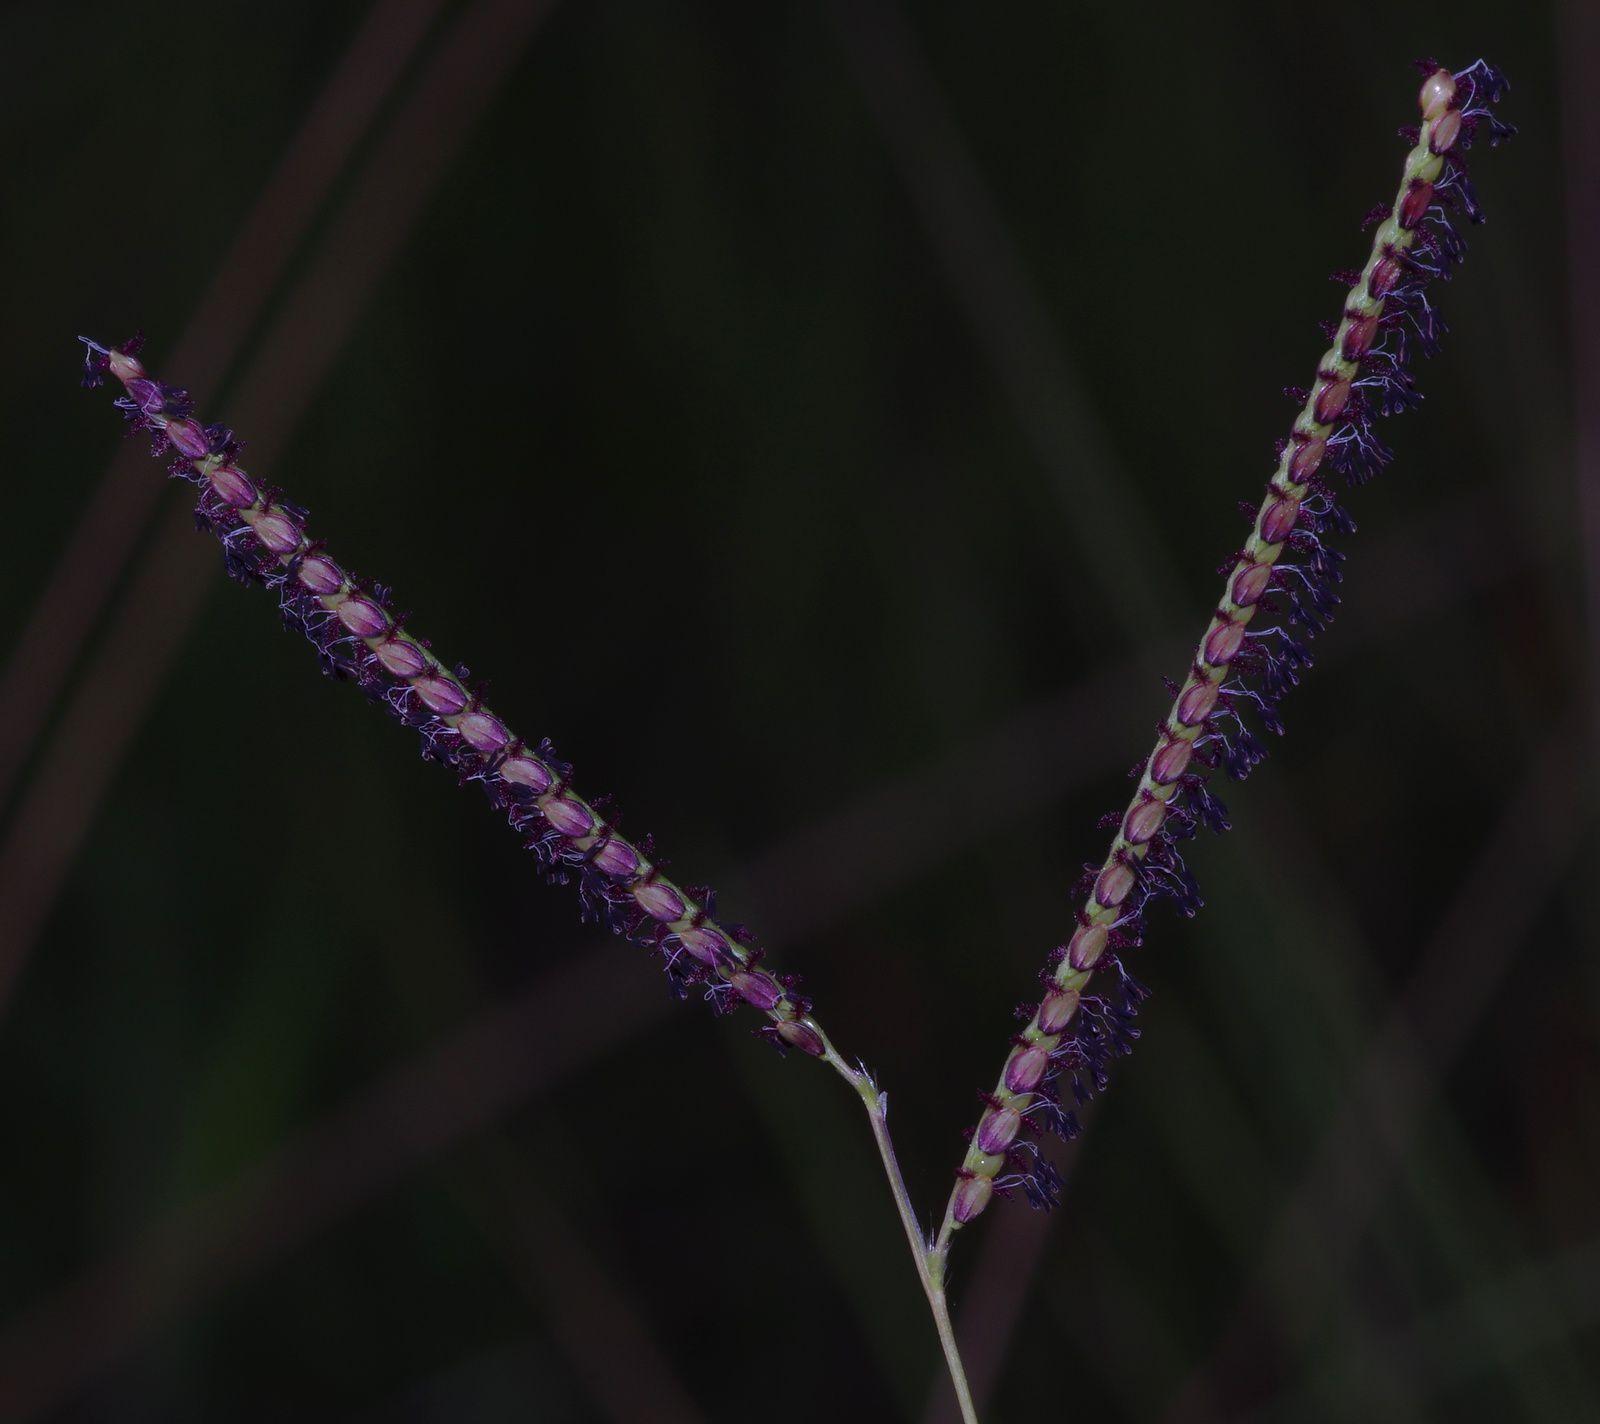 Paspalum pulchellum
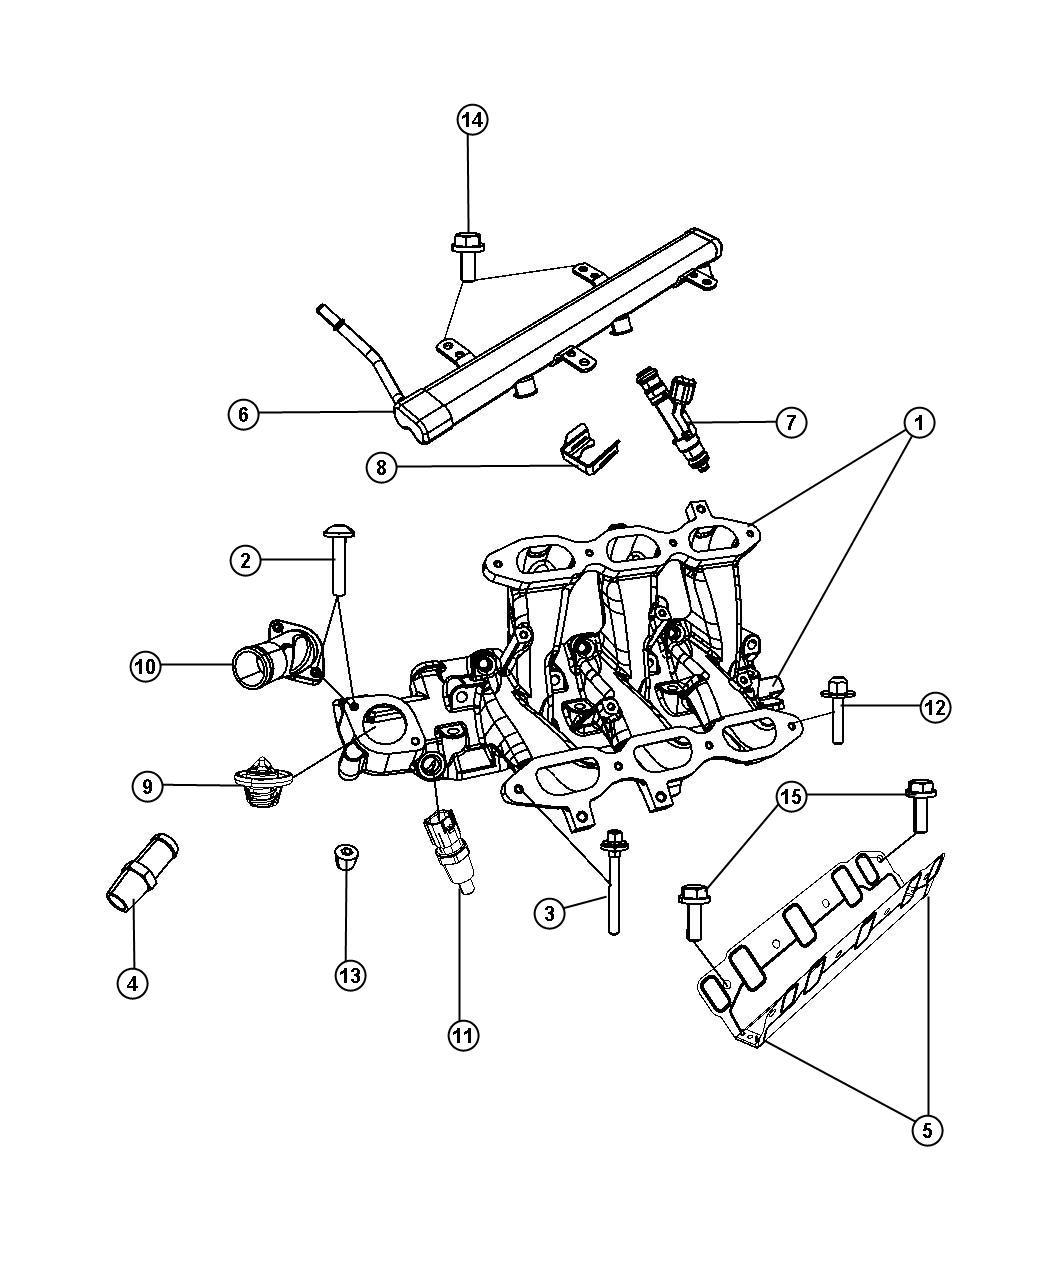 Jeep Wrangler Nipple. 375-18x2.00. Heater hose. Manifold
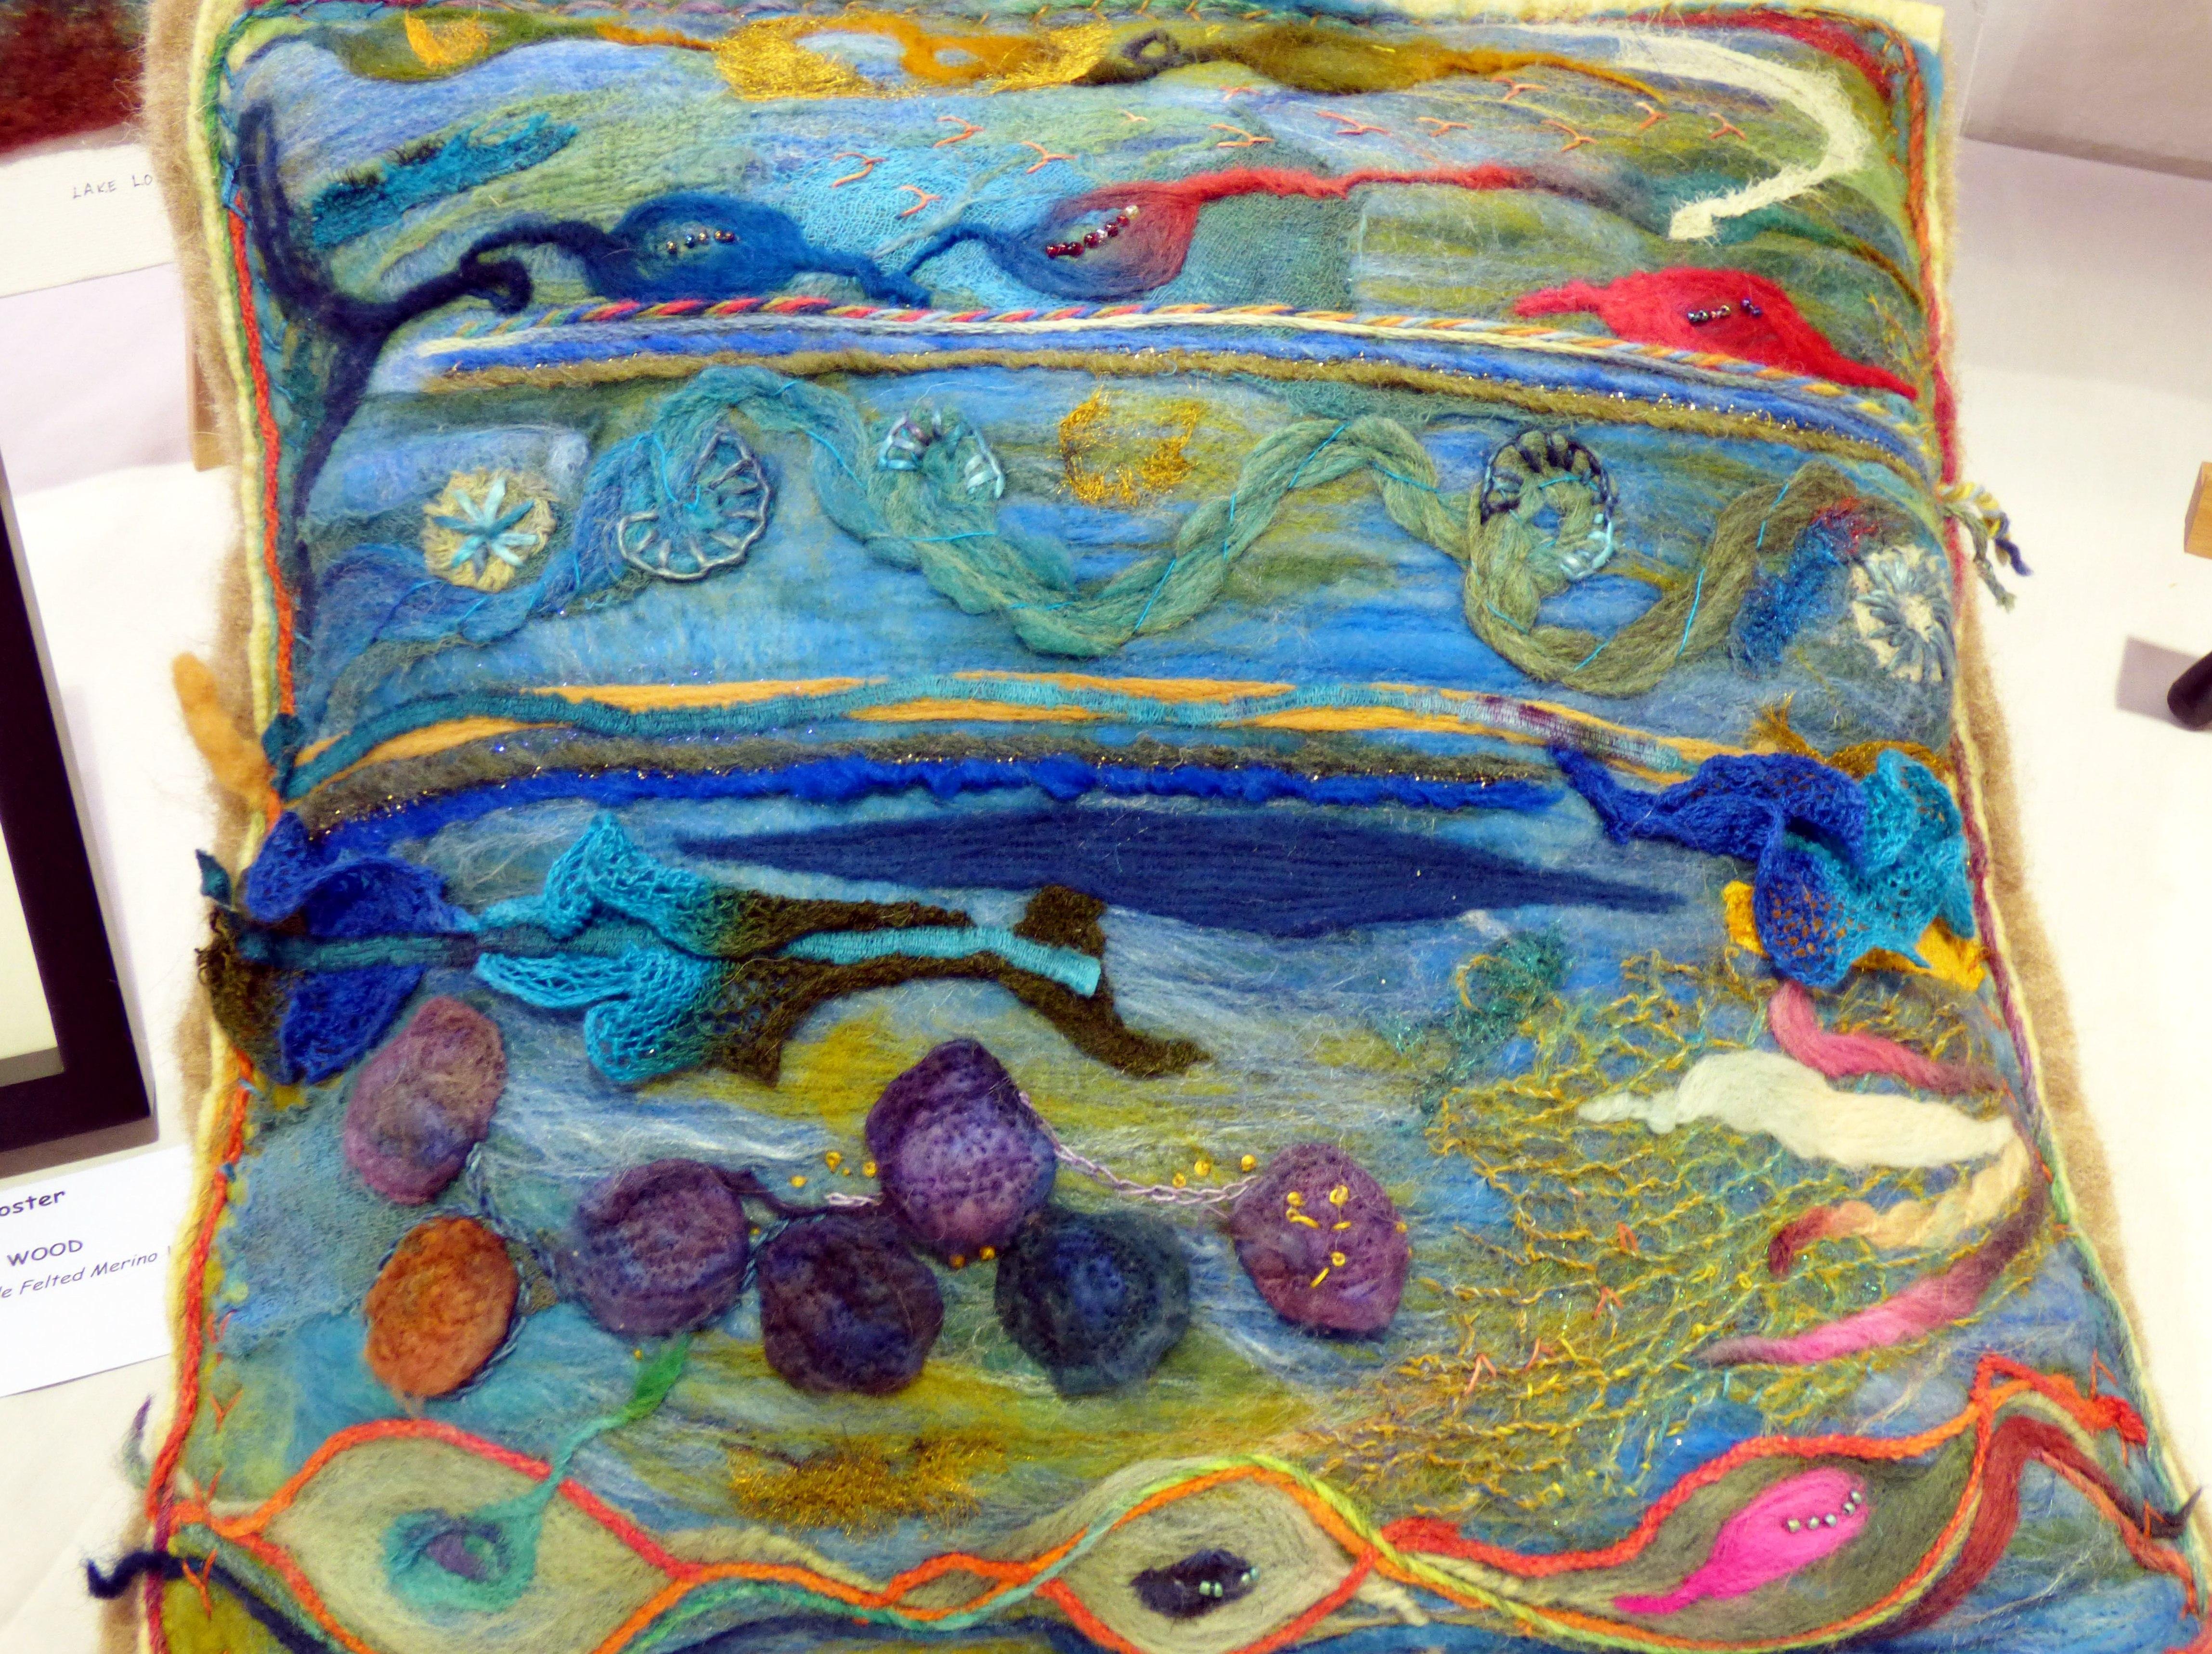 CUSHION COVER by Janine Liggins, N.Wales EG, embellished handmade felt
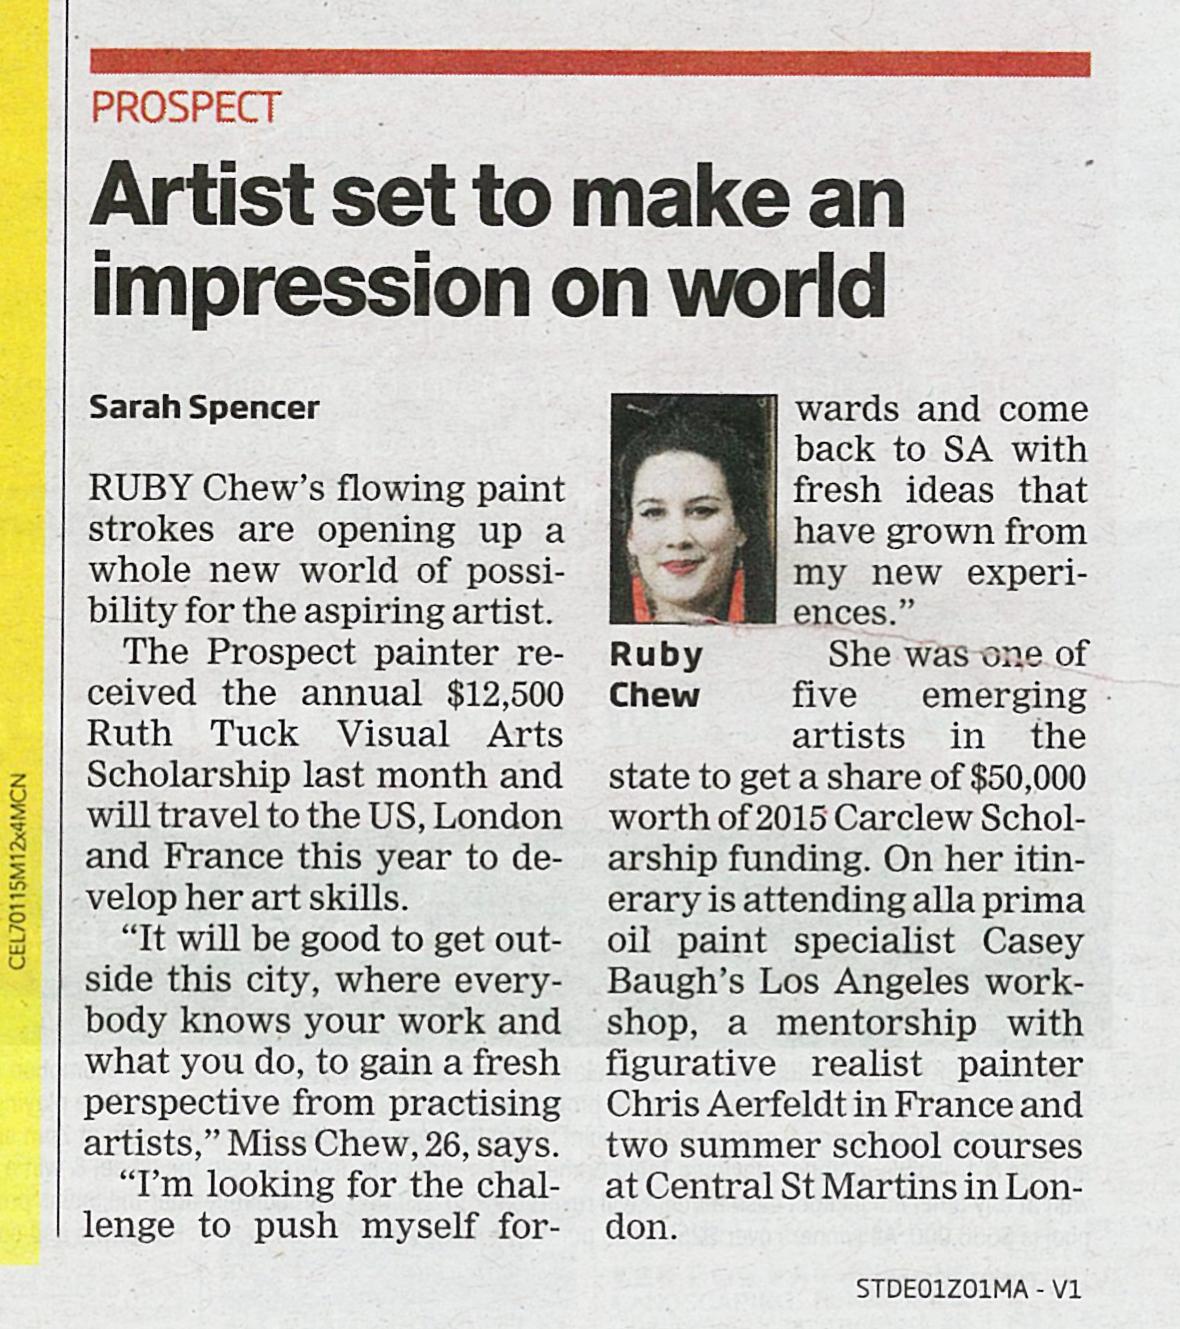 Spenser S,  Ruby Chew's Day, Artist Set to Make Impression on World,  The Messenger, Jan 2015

> Prompt
Once you find the line with "Jeep Wrangler Nipple.", restate it and every later line of the data word for word, excluding the pictures.

> Exercise response
 Jeep Wrangler Nipple. 375-18x2.00. Heater hose. Manifold
 CUSHION COVER by Janine Liggins, N.Wales EG, embellished handmade felt
 Spenser S,  Ruby Chew's Day, Artist Set to Make Impression on World,  The Messenger, Jan 2015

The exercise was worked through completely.